[AIM OF THE TASK] In the entries below, find the line with "CAPRICORN: December 21 - January 20" and the line with "You've been working"; reproduce those two lines and all lines between them exactly, without pictures.

[SOURCE MATERIAL]
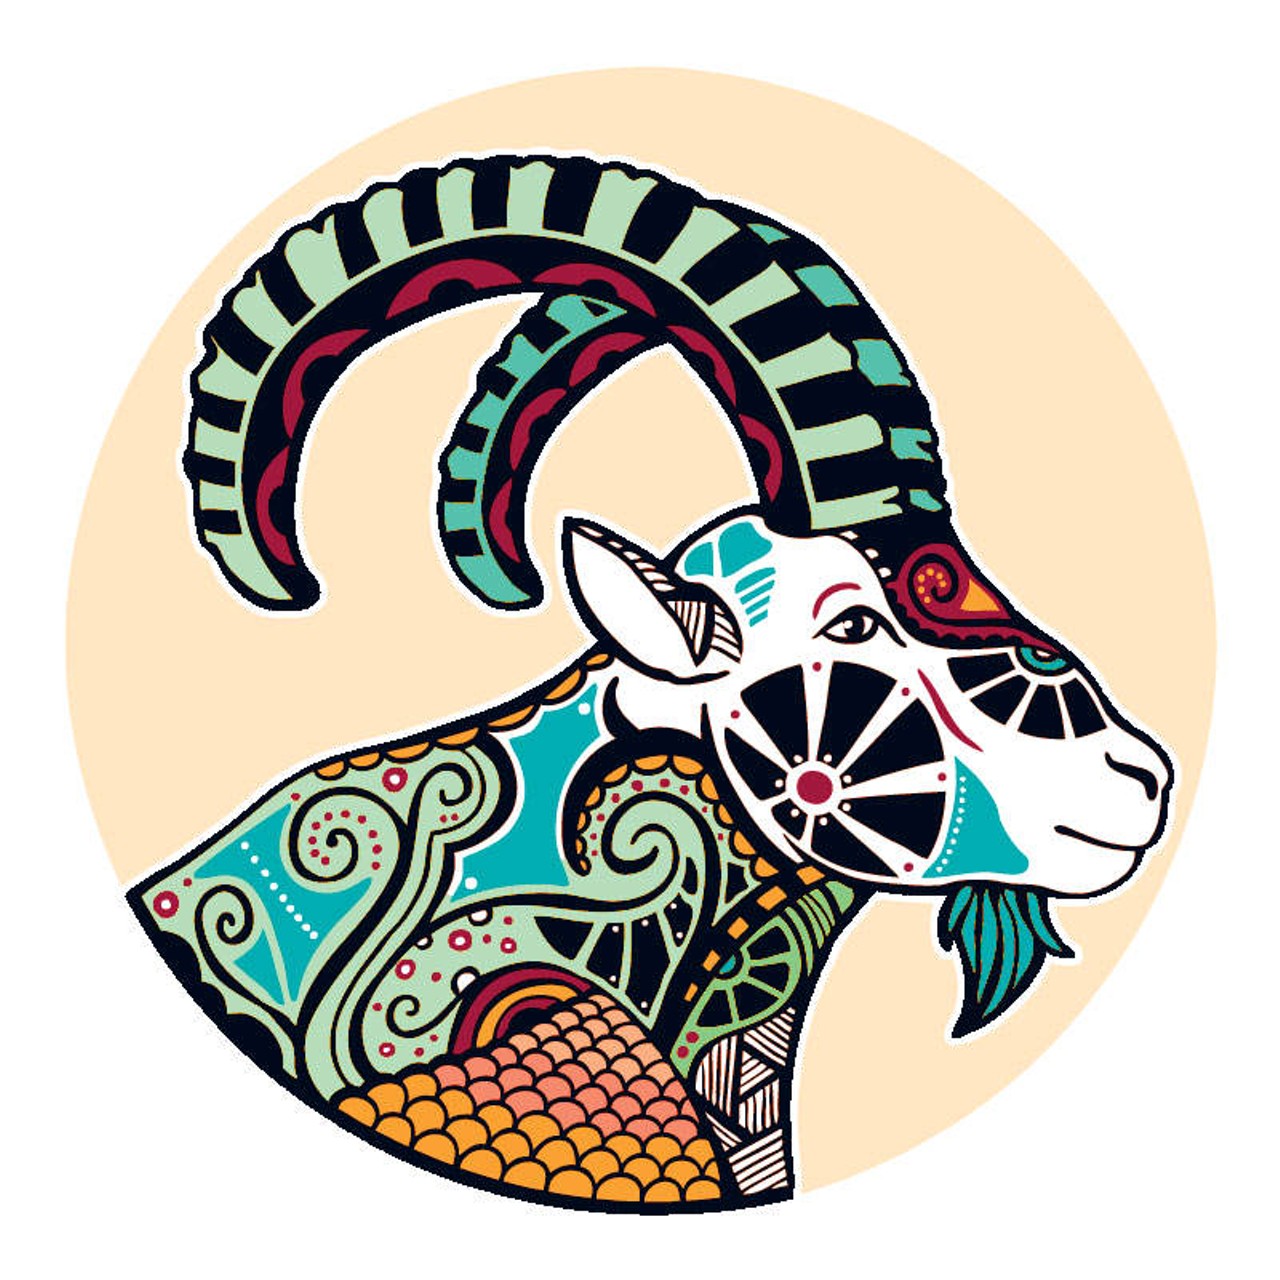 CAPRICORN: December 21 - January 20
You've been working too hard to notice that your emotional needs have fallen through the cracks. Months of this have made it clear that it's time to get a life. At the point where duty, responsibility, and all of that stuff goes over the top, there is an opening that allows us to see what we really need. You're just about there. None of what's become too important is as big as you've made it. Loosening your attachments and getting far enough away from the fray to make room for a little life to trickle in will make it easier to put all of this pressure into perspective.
--
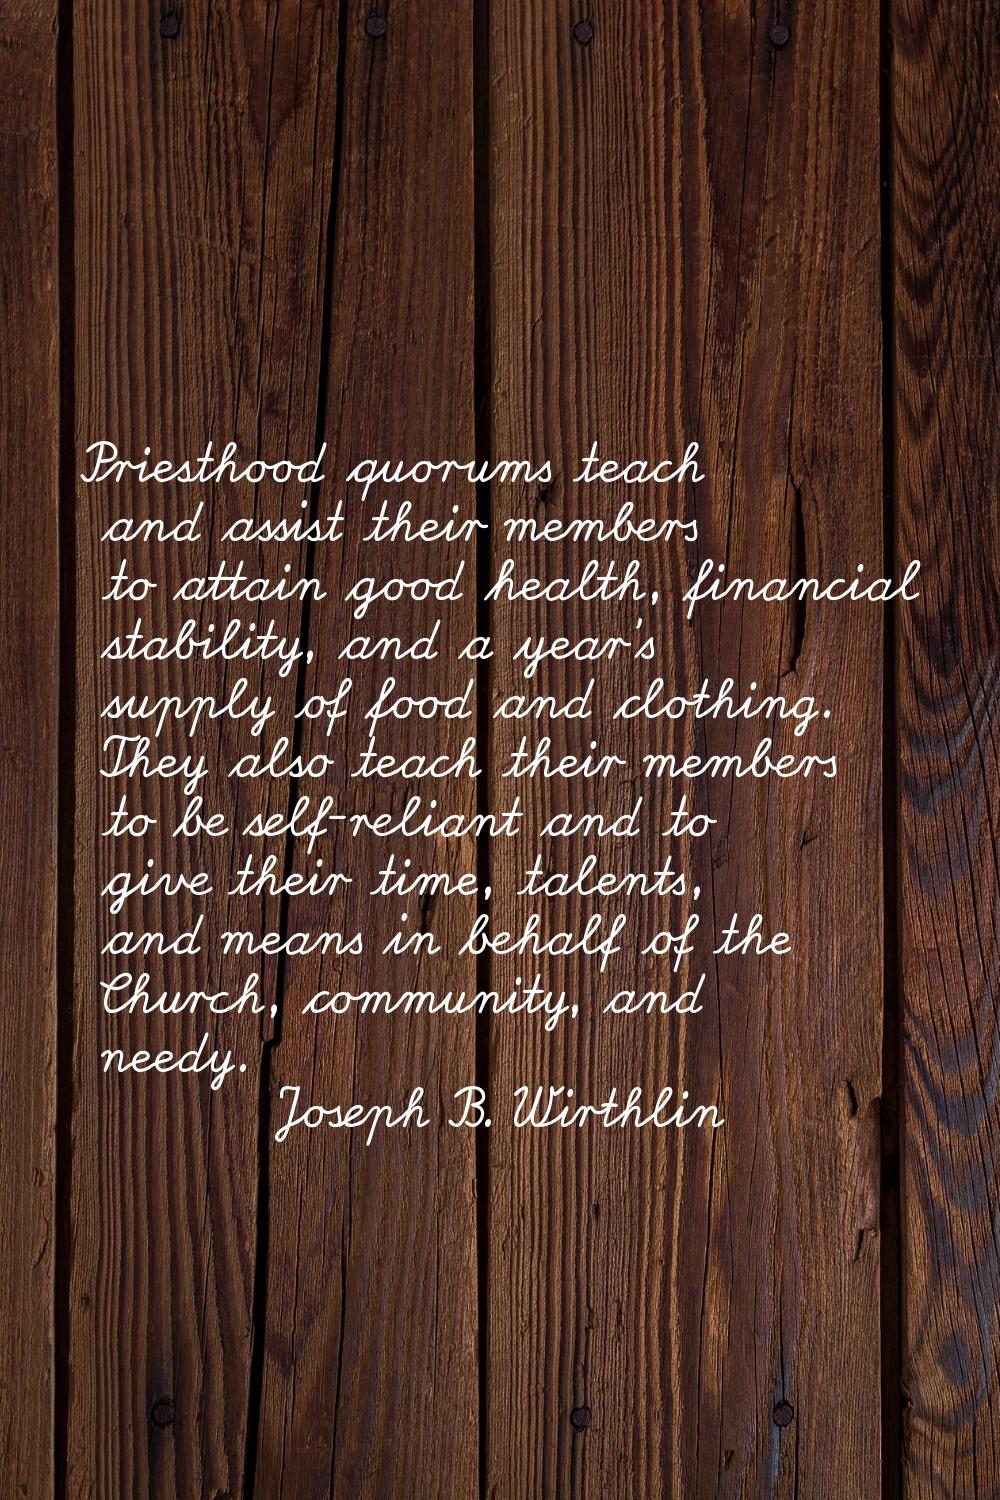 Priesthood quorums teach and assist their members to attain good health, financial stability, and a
==
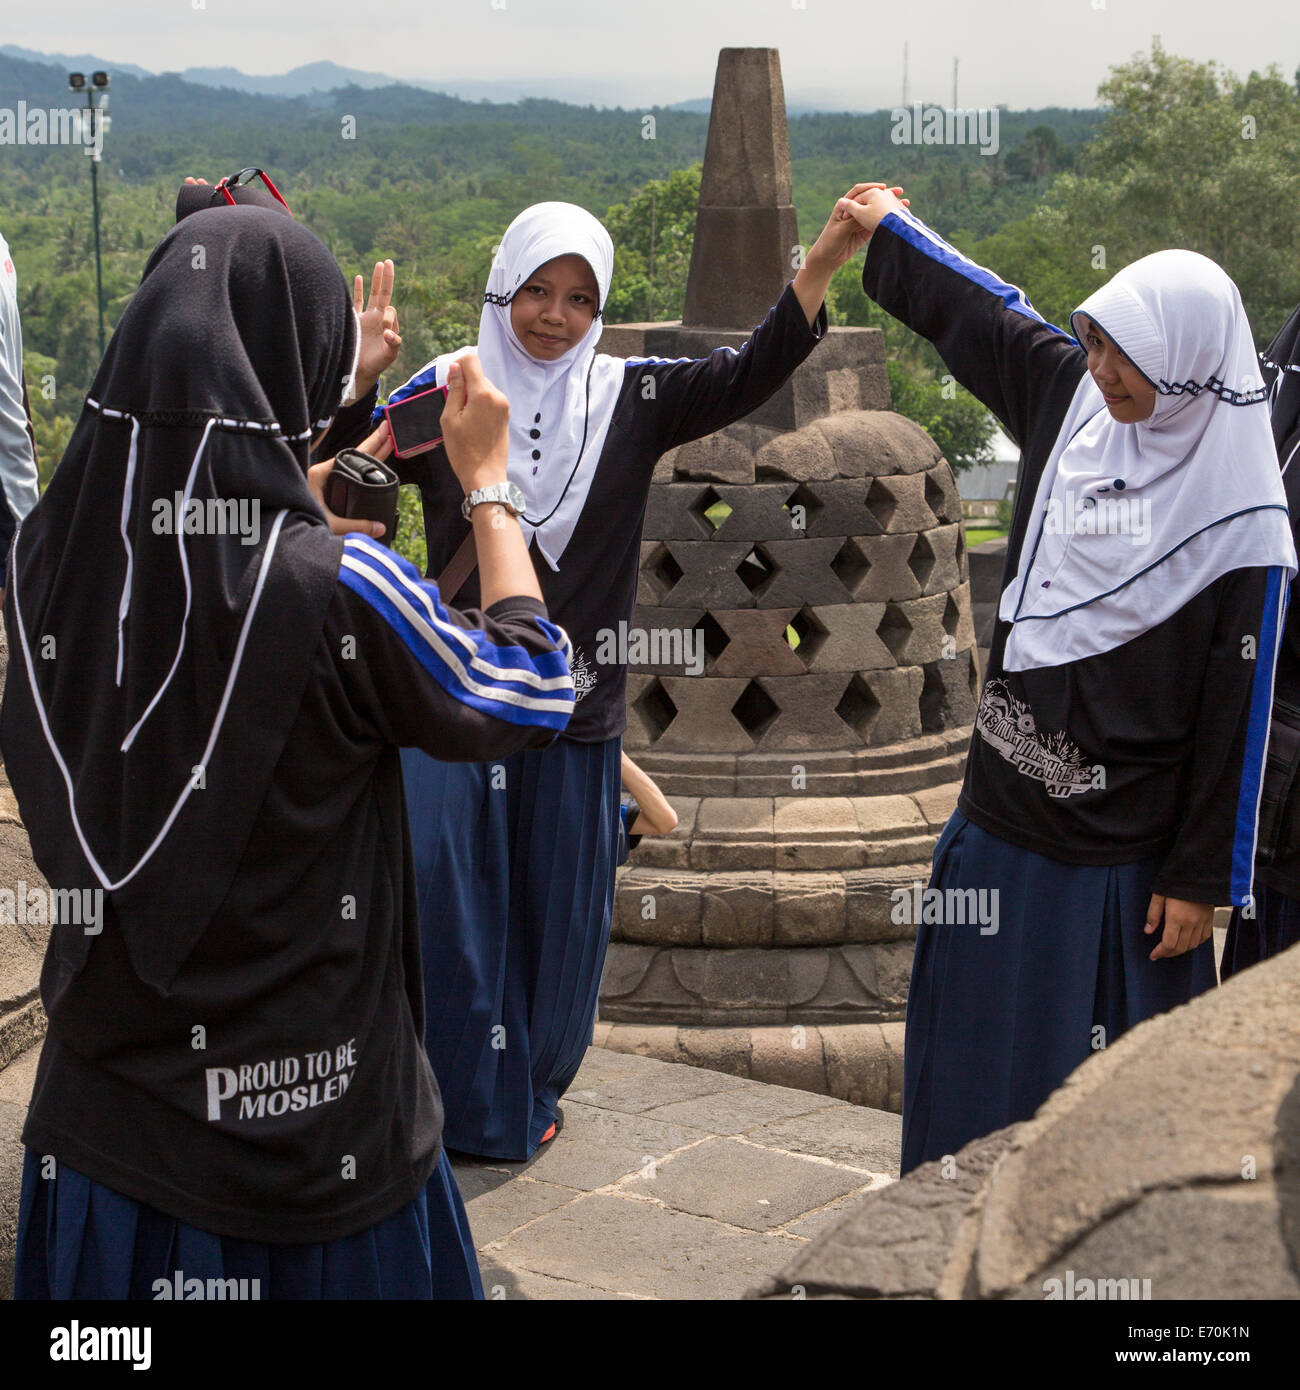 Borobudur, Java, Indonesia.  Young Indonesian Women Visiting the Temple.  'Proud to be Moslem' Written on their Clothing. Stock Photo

[WRITTEN SOLUTION]
 CAPRICORN: December 21 - January 20
You've been working too hard to notice that your emotional needs have fallen through the cracks. Months of this have made it clear that it's time to get a life. At the point where duty, responsibility, and all of that stuff goes over the top, there is an opening that allows us to see what we really need. You're just about there. None of what's become too important is as big as you've made it. Loosening your attachments and getting far enough away from the fray to make room for a little life to trickle in will make it easier to put all of this pressure into perspective.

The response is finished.